Şimdi Fatma ben nereden başlayayım “biz”i anlatmaya?
İlkokul günlerine uzanayım istersen…Bahçede koşturan ufak tefek küt sarı saçlı kızı anlatsın cümleler:) O zamanlar seni cadı diye tanımlardım ben:P Her yanda karşıma çıkar “öğretmenim ben, ben!” diye parmak kaldırırdınız Fatma ile…Fatma’ya gıcıktım ben bilirsin o rüzgar gülü olayından sonra:D Sana da gıcık olurdum da tanıyor muydum ki seni?ı-ıh
Sonra zaman geçti 8.sınıf olduk, yollarımız dershanede kesişti.Okulda pek mutlu değildim zaten dershane cennet gibi gelirdi… Ve orayı anlamlı kılan “tek” kişiydin sen:) Ben nasıl unuturum senin sınıfa hep 5 dk geç gelişlerini? Coğrafya öğretmenini neredeyse işinden edişimizi? Ve senin yegane, kahverengi, dershane için tasarlanmış kıyafetini:P Apogilin arkasına otururduk hep, arada bir rehberlik bölümüne uğrar uygulamayacak planlarla geri dönerdik:) Her teneffüste tahtaya bir geo sorusu yazan Emre arkadaşımıza ve onu çözmeye çalışan ahaliye kıkırdayarak gülerdik…
Sonra kader yollarımızı lisede de ayırmamış, öğretmen lisesi yollarını arşınlar olmuştuk. Aynı odada bir yıl geçirmiştik Bucaklılar olarak:P Şimdi hatırladıkça gülerim ben o gazoz olayına, senin Stephen King okuyup gece korkulu anlar yaşayışına, Sivaslı kızlar gelmeden odaya ne yapacakları konusunu konuşup atıp tutmalarımıza, Peyami Hoca’ya küsüşlerine(İngilizcen çok iyi olabilirdi bak:P)
Sonra odalarımız ayrılmıştı tabi ama sınıfta görüşüyorduk maalesef:P
(Sayısal da sayısal diye gitmiştim yanına, sen bana TM seç derdin, şimdi “keşke..” diyorum arada sırada…)
Rukişle Nadiye’nin komik laflarını bulup nasıl arardı gözlerim seni, bilirdim senin de güleceğini:D
“Hangimiz uzun?” triplerine girerdik arada, itiraf ediyorum uzadın sen:D( ama fazla havalanma hala kısa standartlarındayız)
Anımsayamadım ama birinin annesi “ Benim kızım aklına uzamış” diyormuş, bence kendimizi böyle teselli edebiliriz :D

Hey gidiii…
Sınıfın DeliKadir’i…
Etüt aralarının delisi(oynayışlarını kastediyorum)
Okul bitti gitti işte ama hep söylerim benim lise arkadaşlarım başka diye…
Bizim bisiklete binişimiz başka…(bisikletimiz de başkaydı)
Kızışlarımız, küsüşlerimiz başka…
Arada diyordum gelseydi bu kız da Ankara’ya diye, arıyor insan ne bileyim:(
Ama hedefinin peşinden koştuğun ve istediğin yerde olduğun için mutluyum…

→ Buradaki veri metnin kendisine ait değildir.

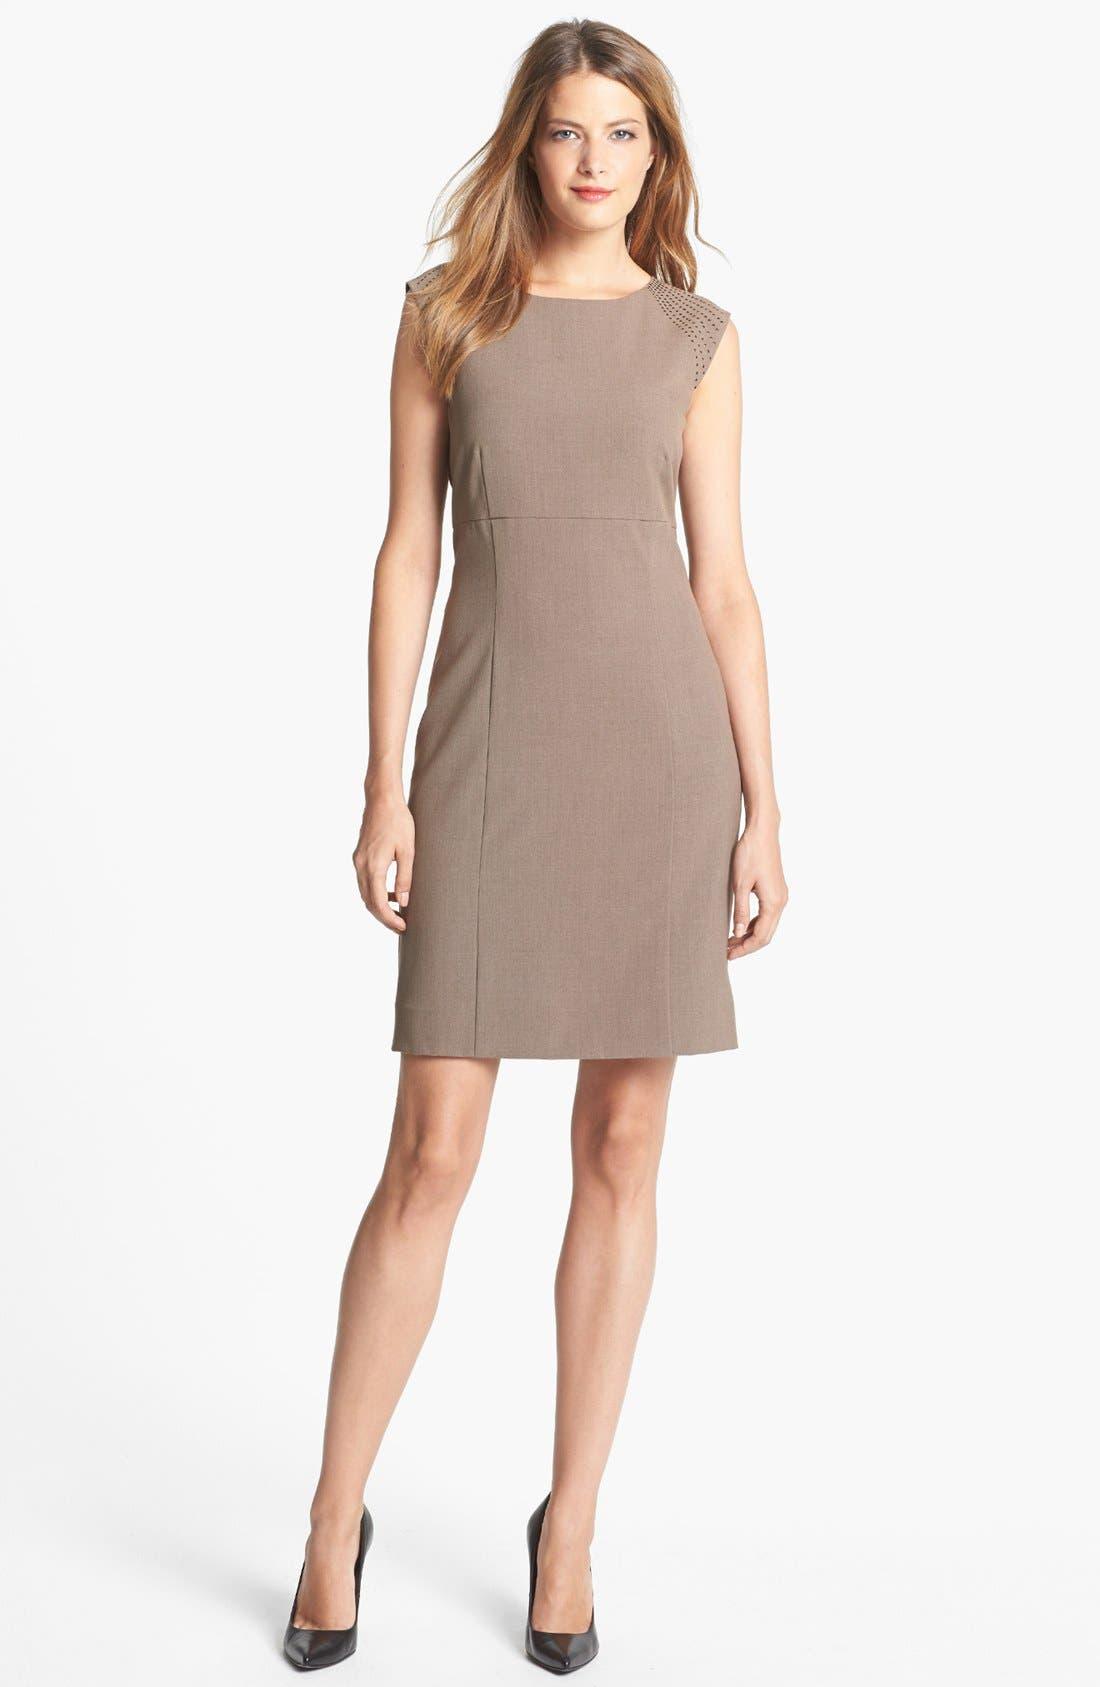 Main Image - Tahari Studded Shoulder Two-Way Stretch Sheath Dress
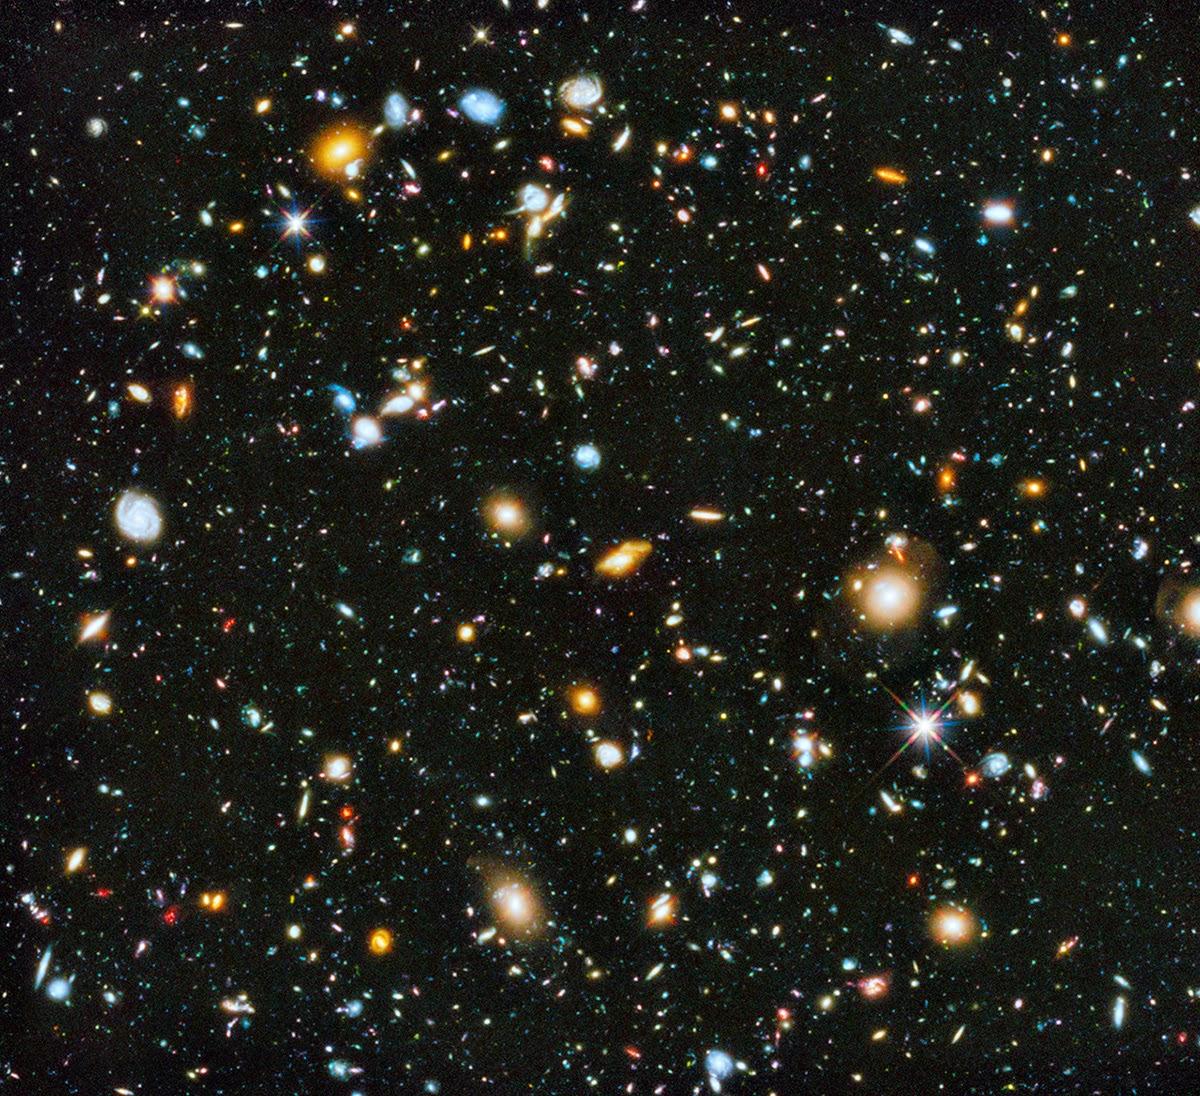 [Jeu] Association d'images - Page 4 Hubblebellissima

Biliyorum hayat boyu bayramların son günü pastanede buluşamayacağız, hep başka bir yerde buluşmayı düşünüp ben kendimi sizin evde bulmayacağım:)
Ama biliyorum ve bileceğim beni anlayan birinin hep var olduğunu, olacağını! Anlatamadığım şeyleri “anlıyorum” diyen biri var…
Bir zaman Faik Hoca iyi arkadaş için “ ‘gidiyoruz’ dediğinde ‘nereye?’ diye sormayandır.” demişti…Bizim aramızdaki bundan güzel anlatılır mı bilmem.Sırf seninle diye “Arog” a gidip “iyi ki gittim” dediğimi biliyorum.Film bahane Fatma’yla olmak şahane:P

Geçen gün sen beni aradıktan sonra içimdeki çocuğun çoğunda payın olduğunu düşündüm…
İçimdeki kıpır kıpır, deli bir yan var, ondan emeğin büyük:) Seninle bir araya gelince maksimum düzeyde oluyor, işte gülmekten konuşamama sebebim.

Şimdi ben sana İyi ki doğdun demeyeyim de kime diyeyim deli kız?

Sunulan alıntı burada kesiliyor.